Mary Gaffney, RN and Nurse Navigator at the Chancellor Center for Oncology
According to the American Cancer Society, lung cancer is the leading cause of cancer death among both men and women. Each year, more people die of lung cancer than of colon, breast, and prostate cancers combined.
An annual test for lung cancer intended for long-term smokers is now being recommended by major medical organizations, including the U.S. Preventive Services Task Force. Low-dose CT, offered by Deaconess Hospital, can help detect lung cancer at its earliest, most-treatable stages.
Low-dose CT is a lung cancer screening option available to higher-risk patients that utilizes much lower radiation than a typical CT scan—up to 70-90% less—and can find lung cancer in early, more-treatable stages.
To be eligible for the screening, you must have the following risk factors:
All three criteria must be met for this testing. Because the test does involve some radiation, the risk for lung cancer must be higher than the overall lifetime radiation risk. The “pack-year history” is determined by calculating how many packs of cigarettes per day have been smoked for what number of years. For example, if an individual started smoking at age 20, and smoked a pack a day until age 50, that would be 30 pack years. If that same person smoked 2 packs per day, 30 pack years would be reached by age 35.
Be between the ages of 55-74
Have a 30 pack-year history or more (details below)

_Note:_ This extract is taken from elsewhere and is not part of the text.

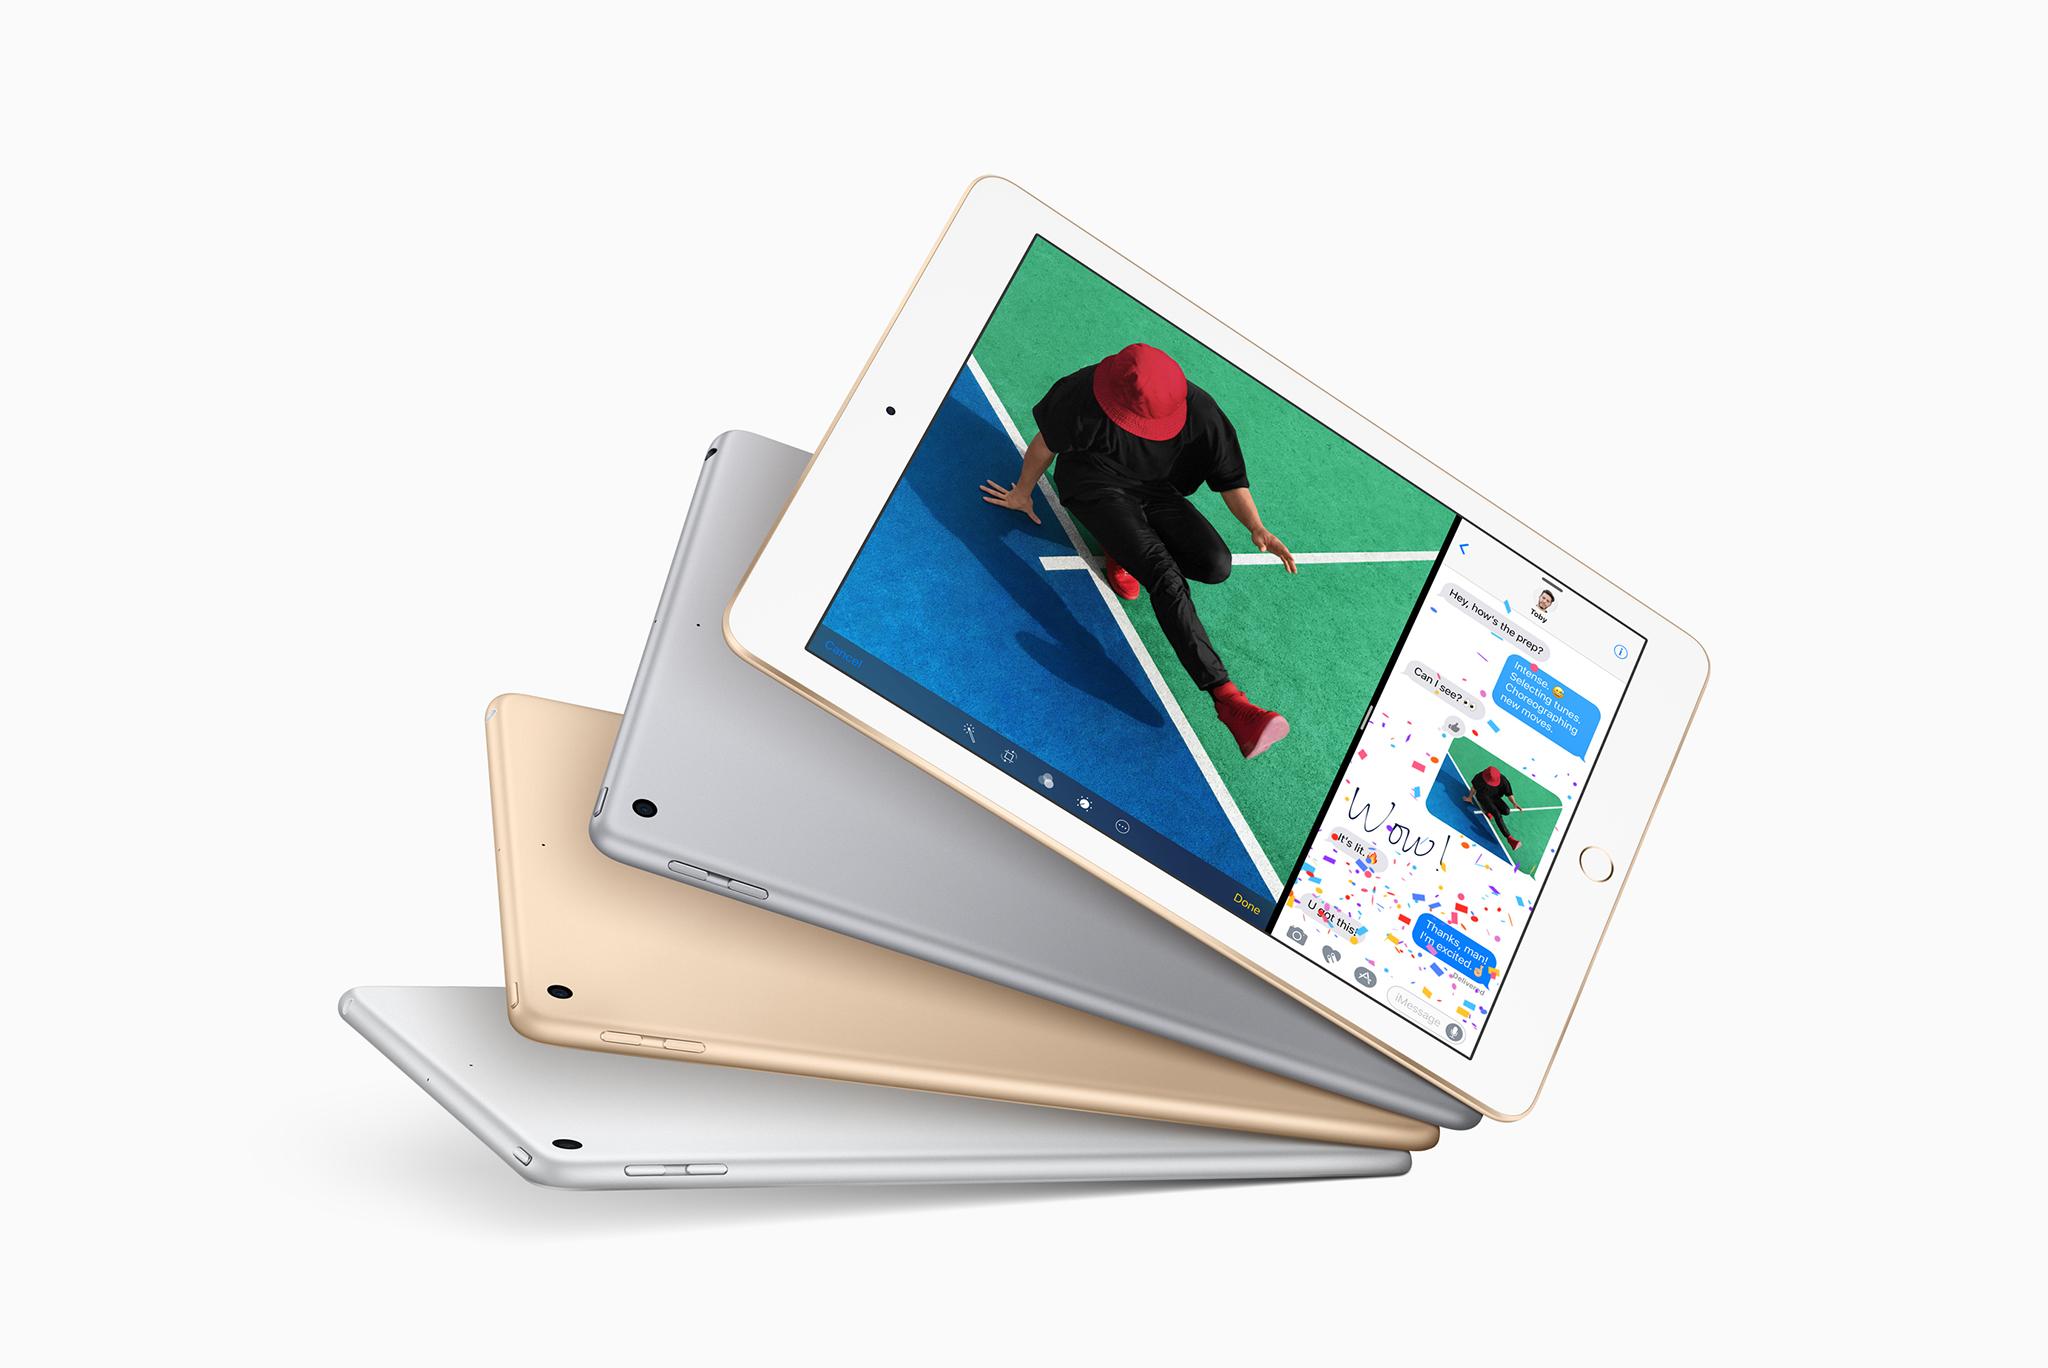 새로운 9.7인치 iPad 발표
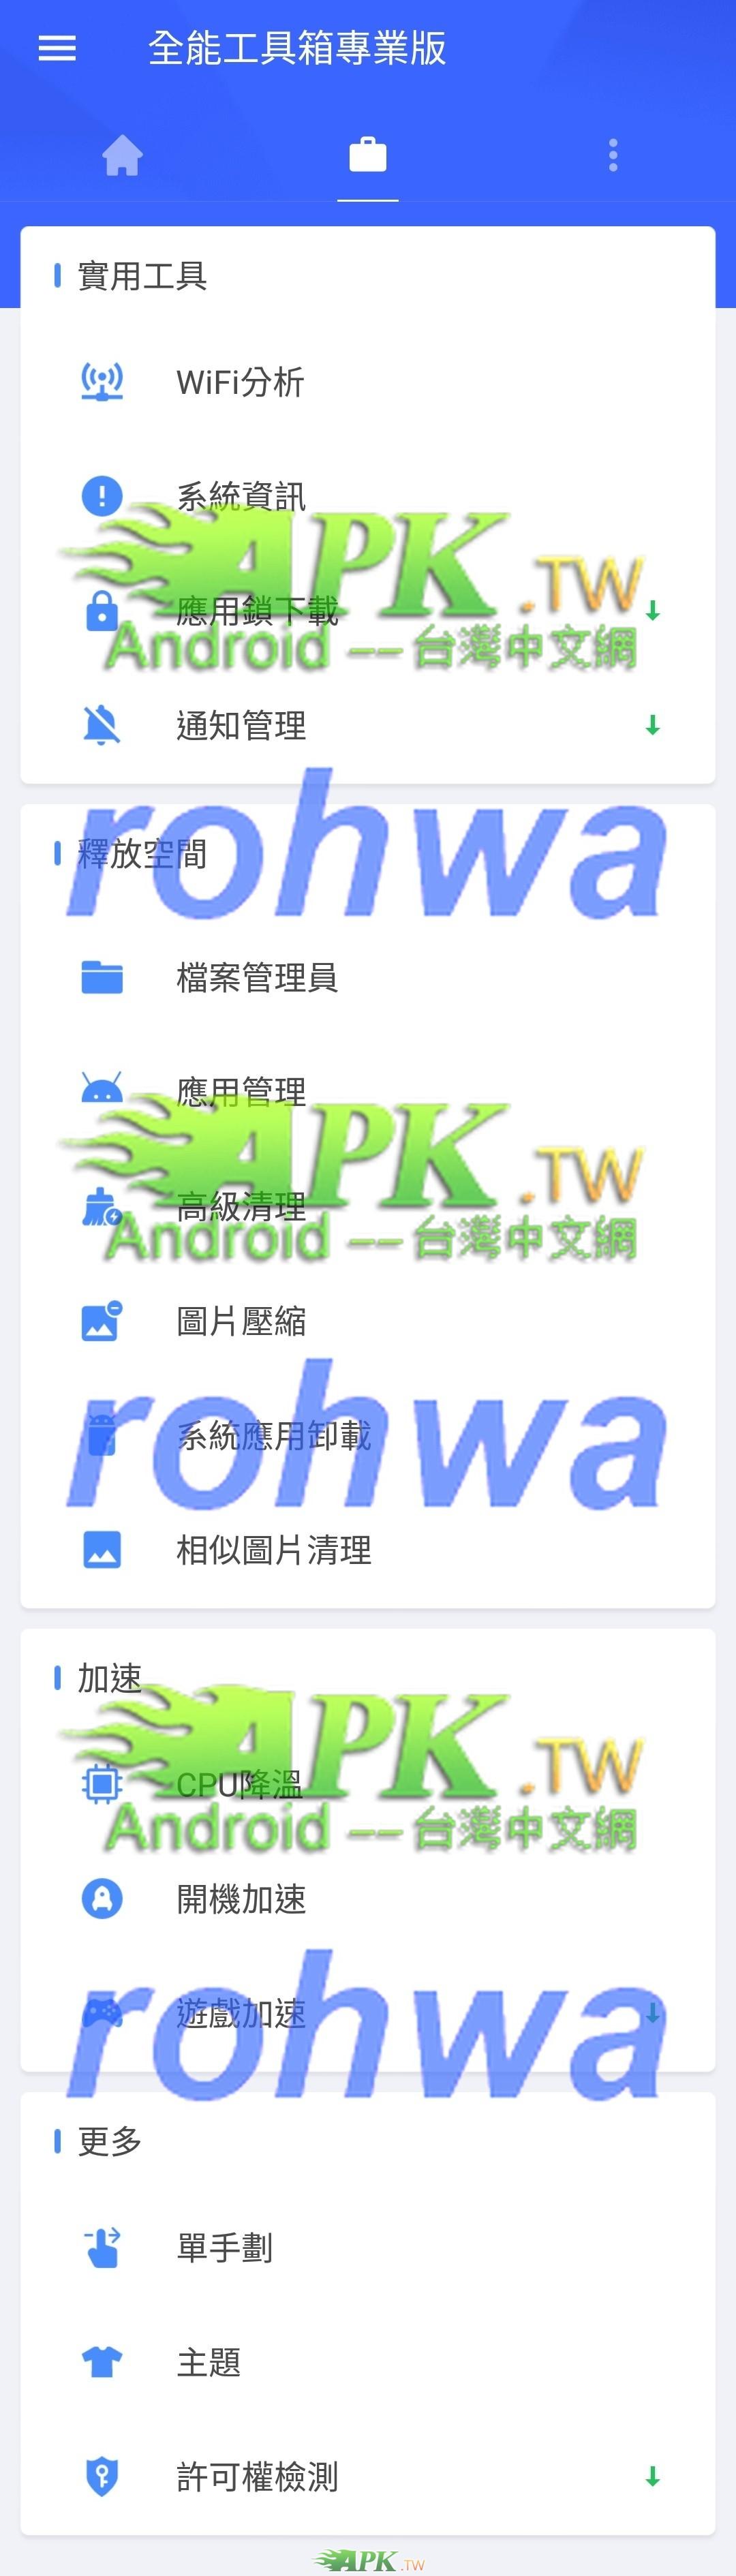 AIO_Toolbox__2_.jpg

Be currently smoking or have smoked within the last 15 years
If someone thinks they may be a good candidate for the test, getting started with the process is easy. The first step is to call the Nurse Navigator at Chancellor Center for Oncology at 812-858-2268. The test takes place at the Deaconess Hospital main campus at 600 Mary Street in Evansville, Indiana. The testing appointment will last less than 30 minutes.
The results are interpreted by a board certified radiologist, and are also presented to the Deaconess Multidisciplinary Lung Nodule Review Board where each patient’s scan and history is individually reviewed. The patient is then called with results and recommendations, and both the patient and their primary care physician will receive copies of the results.
Many insurance companies currently pay for the screenings, and more are expected to do so soon. Staff at the Chancellor Center will work with individuals’ insurance companies to determine coverage, and handle billing. If someone wants this test and is a good candidate, and their insurance doesn’t cover the test, we will work with patients on affordable payment options. We want this life-saving service to be available to as many people as possible.